Podcast: How the NAR Ruling Will Impact Lenders (& the Entire Home-Buying Process). The groundbreaking NAR settlement has real estate agents, lending professionals, and home buyers scrambling to understand its ramifications. Here to weigh in is Maxwell’s Clear to Close crew: In this conversation, Alan, Bryan, and Anthony channel their experience in the industry to walk through possible outcomes of the ruling. Specifically, this episode explores how new policy changes are likely to impact lead generation, methods to earn borrower business, and more—and how lenders can get ahead of the major ways the home-buying process is about to change. Click here to listen to How the NAR Ruling Will Impact Lenders (& the Entire Home-Buying Process).

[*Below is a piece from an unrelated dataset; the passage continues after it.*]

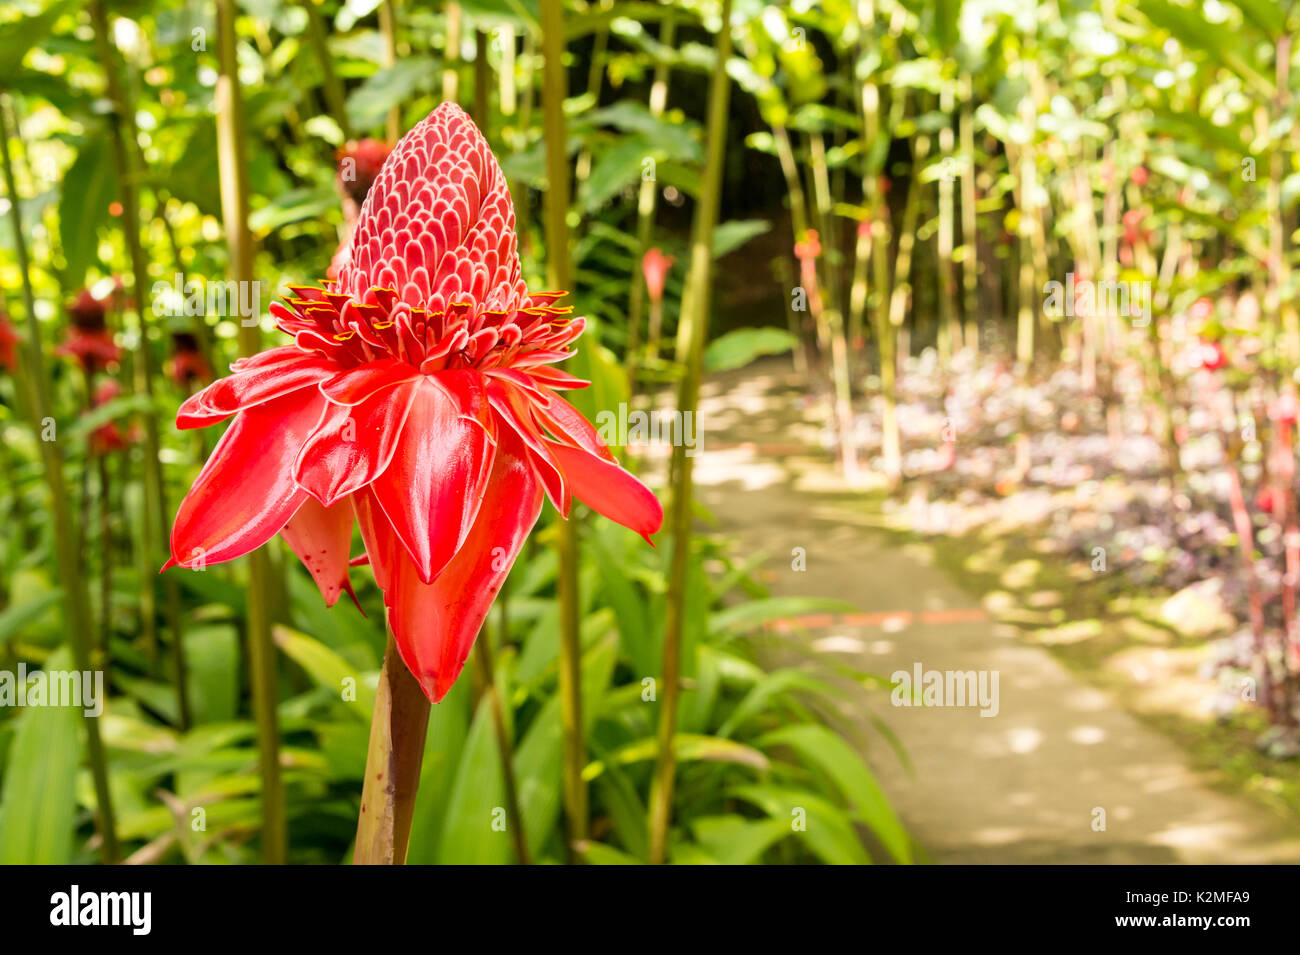 Tropical flower red torch ginger (Etlingera elatior) Stock Photo

A good place for longer term conference planning is to start is here, and click on “Conference List” for in-person events in the future.

Join Kristin Messerli and Robbie Chrisman today at 10am PT/1pm ET for the latest episode of Mortgages with Millennials as they share some new research on NextGen money trends, this time based on a personality quiz she developed to better understand the mindset, planning style, and behaviors of millennials when it comes to money and homebuying. sharing some new research on NextGen money trends, this time based on a personality quiz she developed to better understand the mindset, planning style, and behaviors of millennials when it comes to money and homebuying.

Every Tuesday at 11am PT, two veteran LOs discuss all things mortgage with Industry Leaders. Mortgage Pros 411 with Audrey Boissonou and Kevin Casey.

Register for Silicon Valley CAMP’s Free Marketing Presentation: “AI for Dummies via Zoom,” today at 9:30 AM (PDT).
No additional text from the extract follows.